Treat generative AI like an assistant rather than an expert

The progress made by ChatGPT in recent months is remarkable. Simply put, we can now use conversational English to request highly technical materials that can be used for the widest range of tasks across programming, communication and visualization.

As we’ve demonstrated above, the outputs from these tools need to be treated with care and expert judgment to make them valuable. A good use case is driving efficiencies in building analyses in our everyday work or speeding up lengthy, complex tasks that would normally be done manually. We treat the outputs skeptically and use our technical knowledge to hone them into value-adding materials for our clients.

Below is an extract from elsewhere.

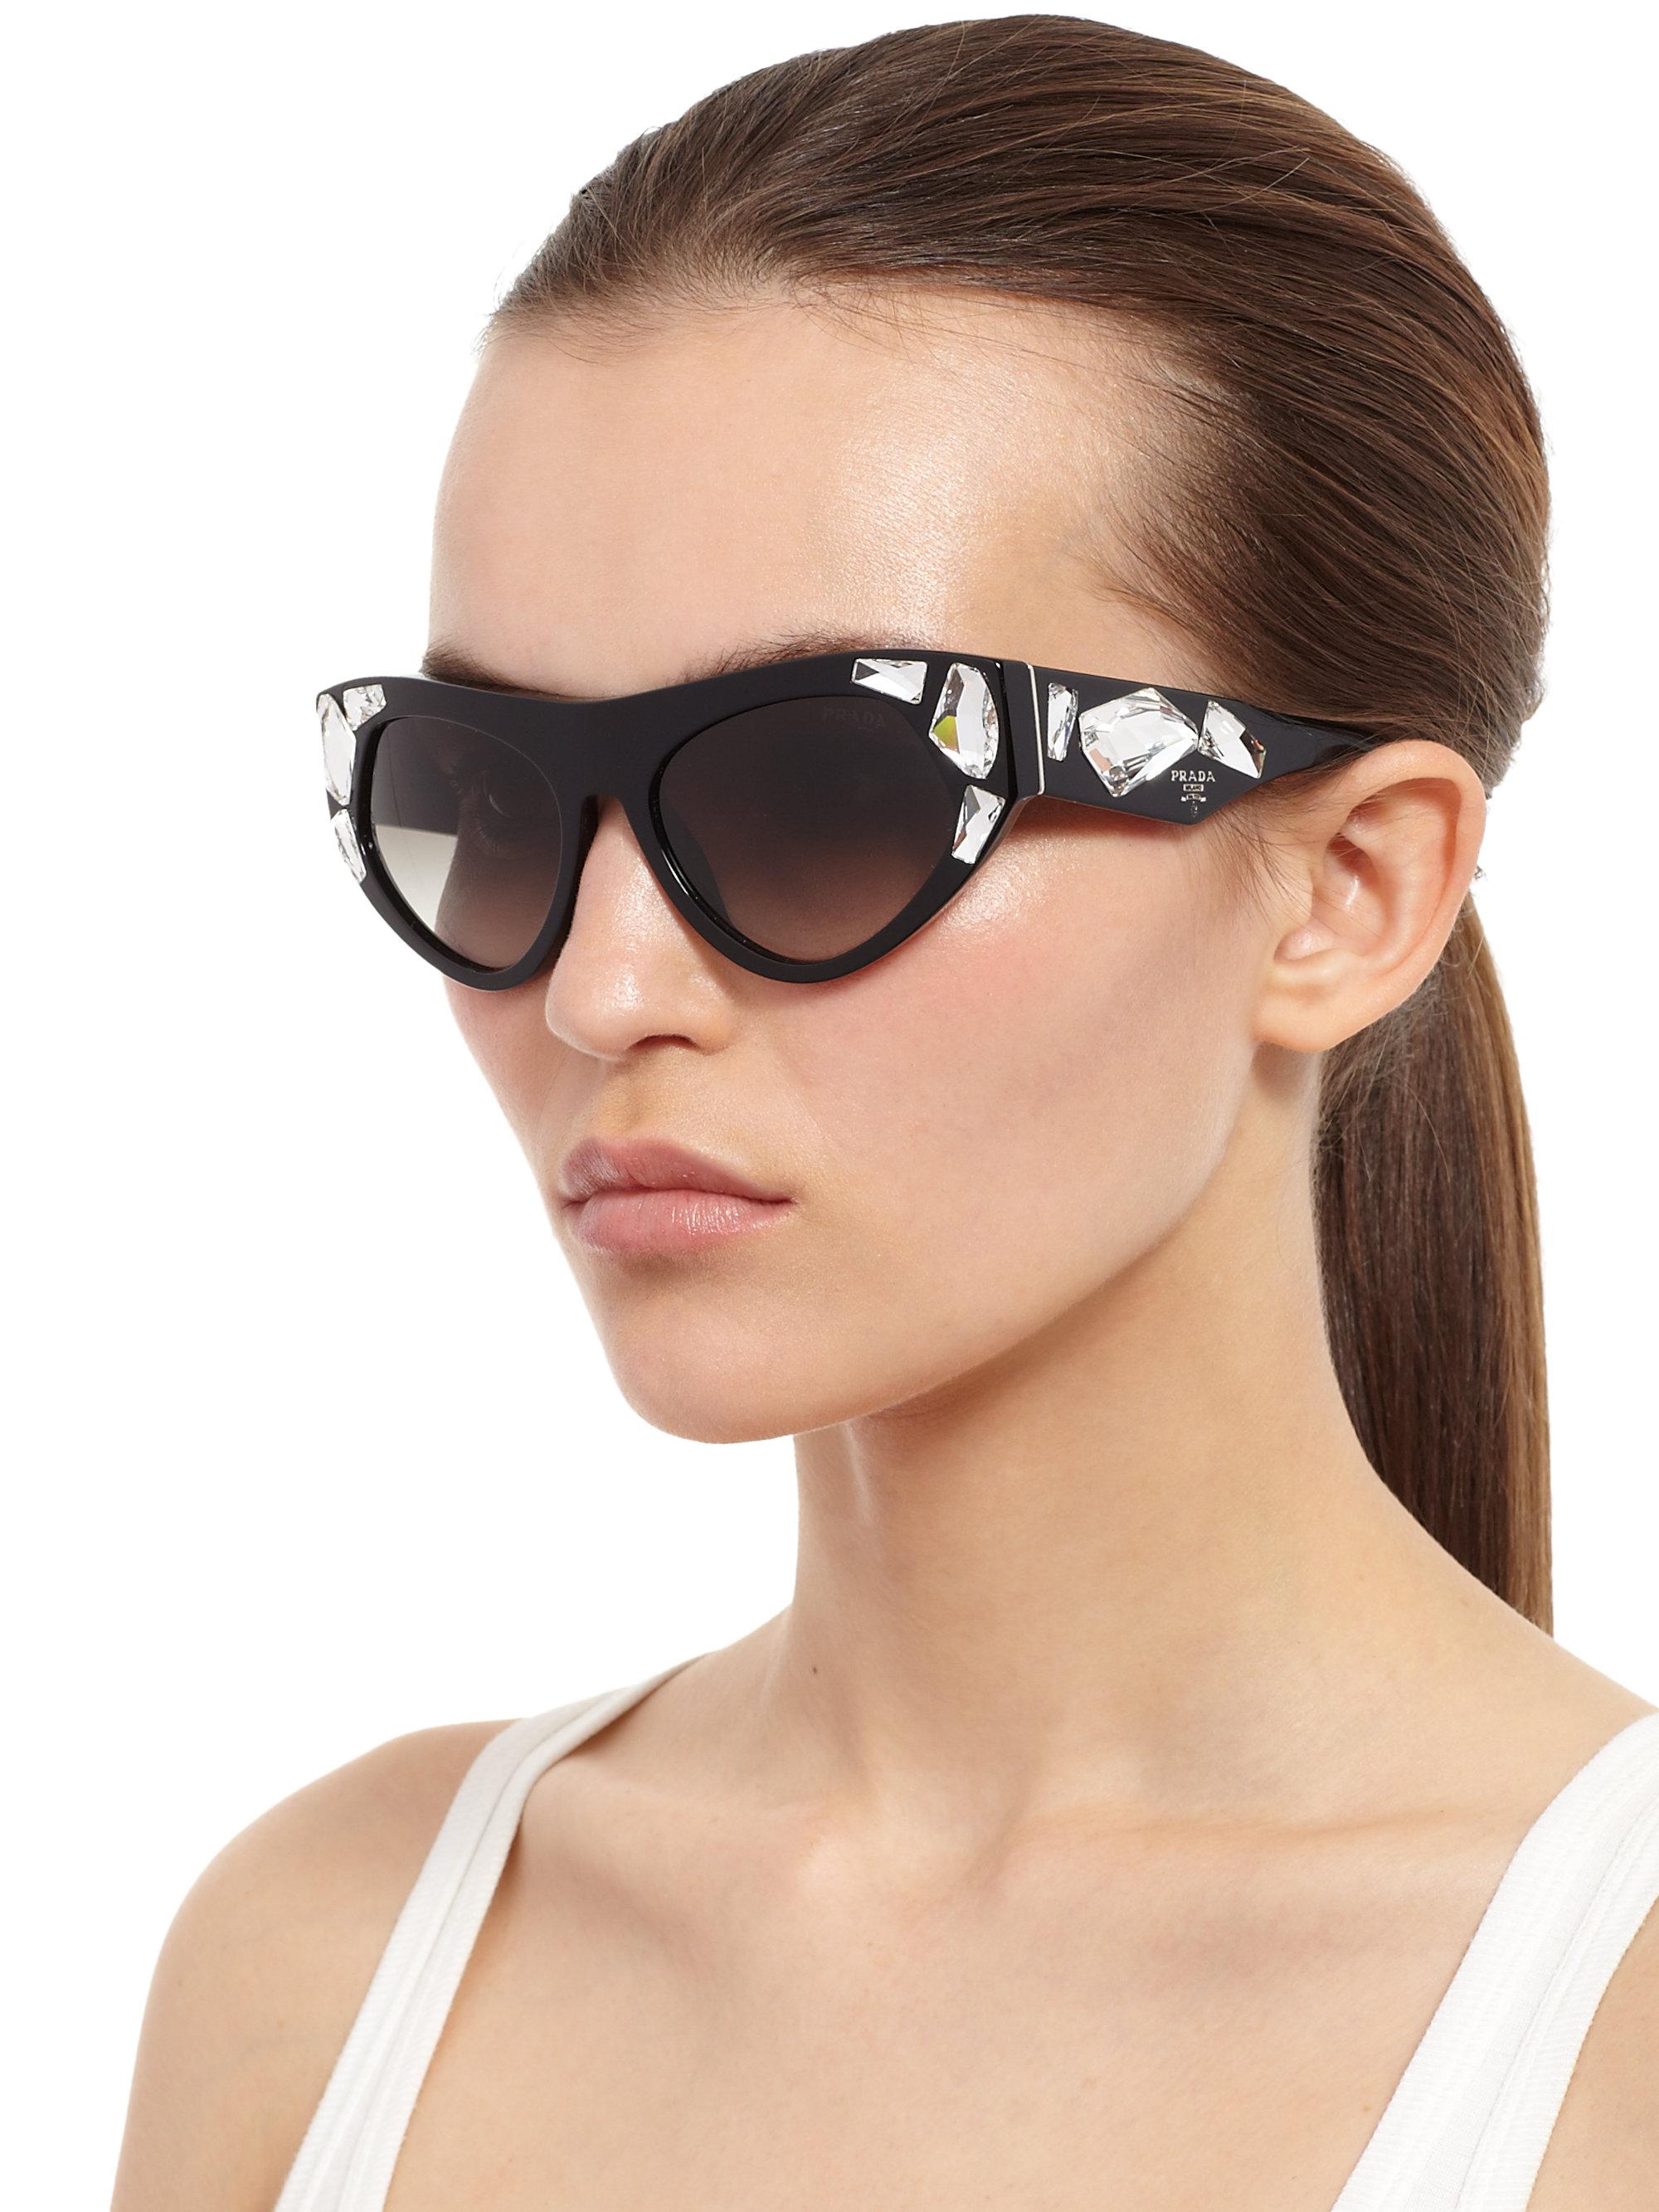 434e700f1d2 ... where to buy lyst prada oversized embellished sunglasses in black 215f6  e81ff cheap prada eyewear cat eye ...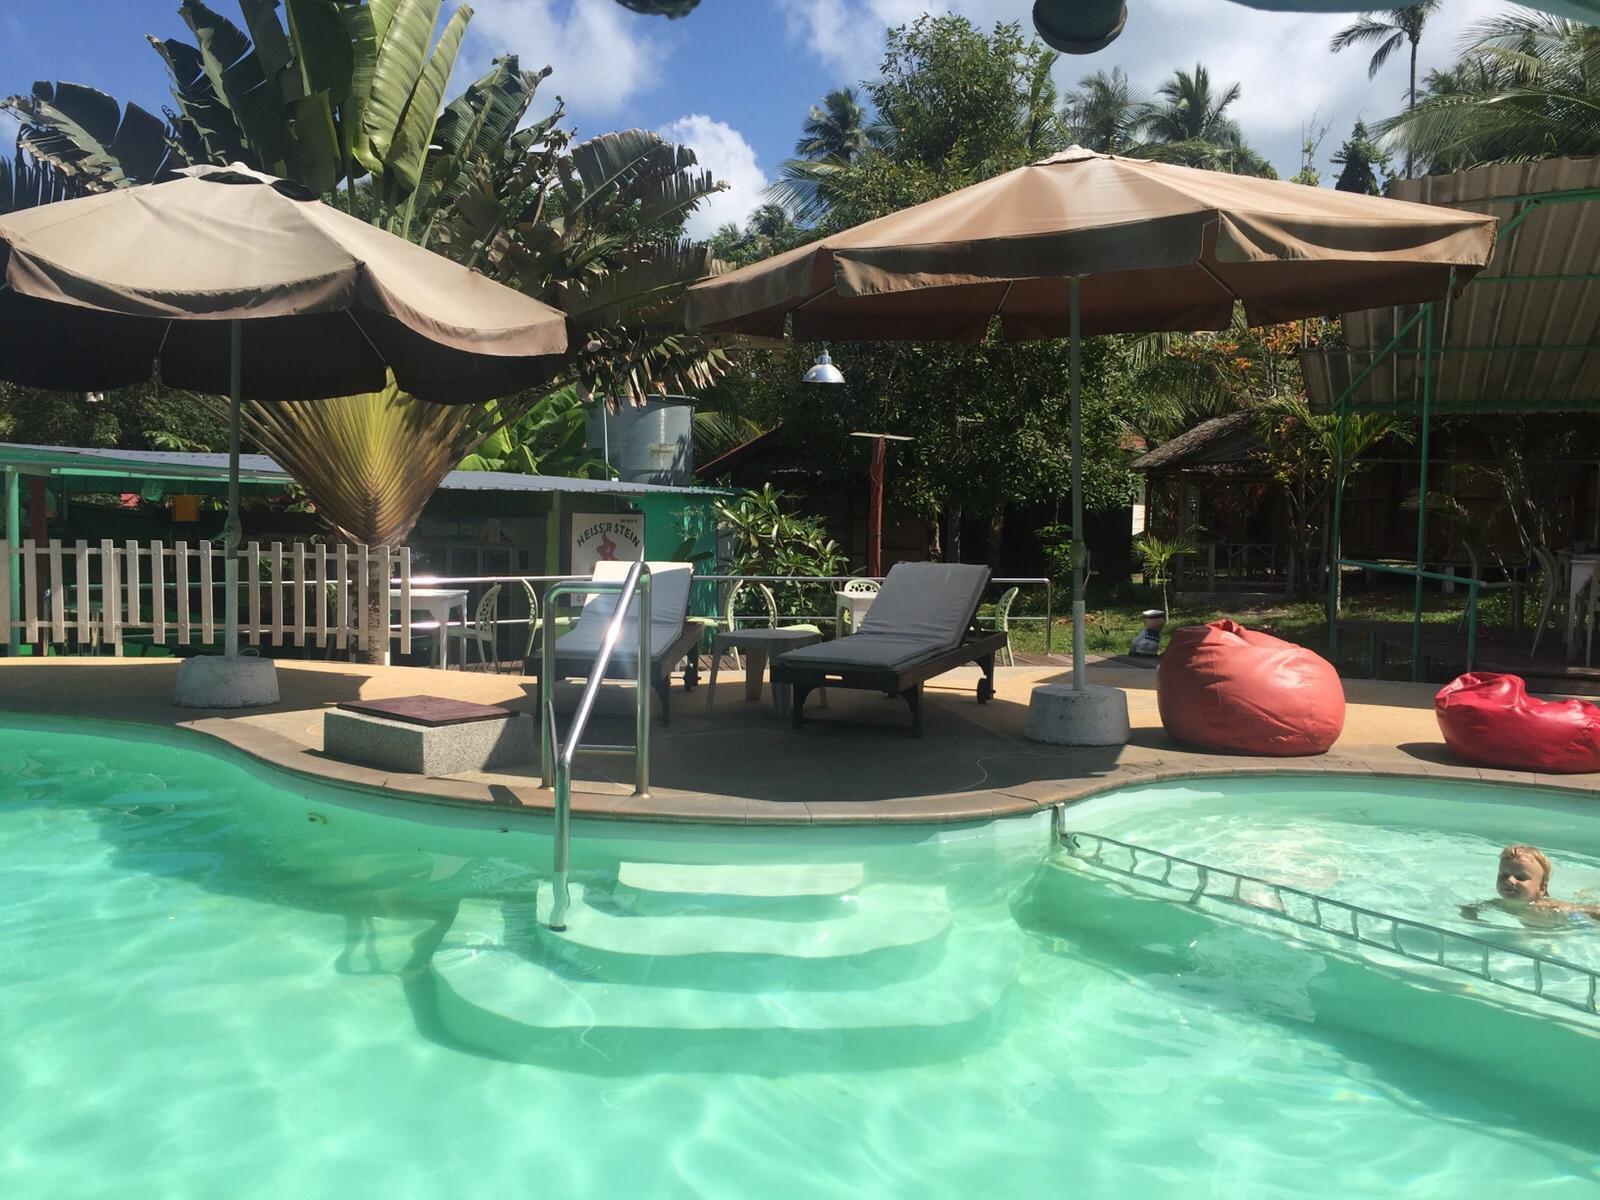 Bamboo Tropical Lounge Hotel แบมบู ทรอปิคัล เลาจน์ โฮเต็ล

While generative AI, exemplified by ChatGPT, has shown immense potential in revolutionizing various aspects of our digital workflows, it is crucial to approach its applications with a balanced perspective. There are limitations in accuracy, particularly concerning recent updates and nuanced details. 

However, as the technology matures, the potential will grow for AI to be used as a tool to augment our capabilities and drive efficiencies in our everyday work. I think we should focus less on generative AI replacing the expert and more on how it can improve our productivity.

The bottom line is clear – ChatGPT and additional LLM AI tools will be more and more common in our daily routines. Having said that, it’s important to have  professionals managing your content and take care of your analytics workflow.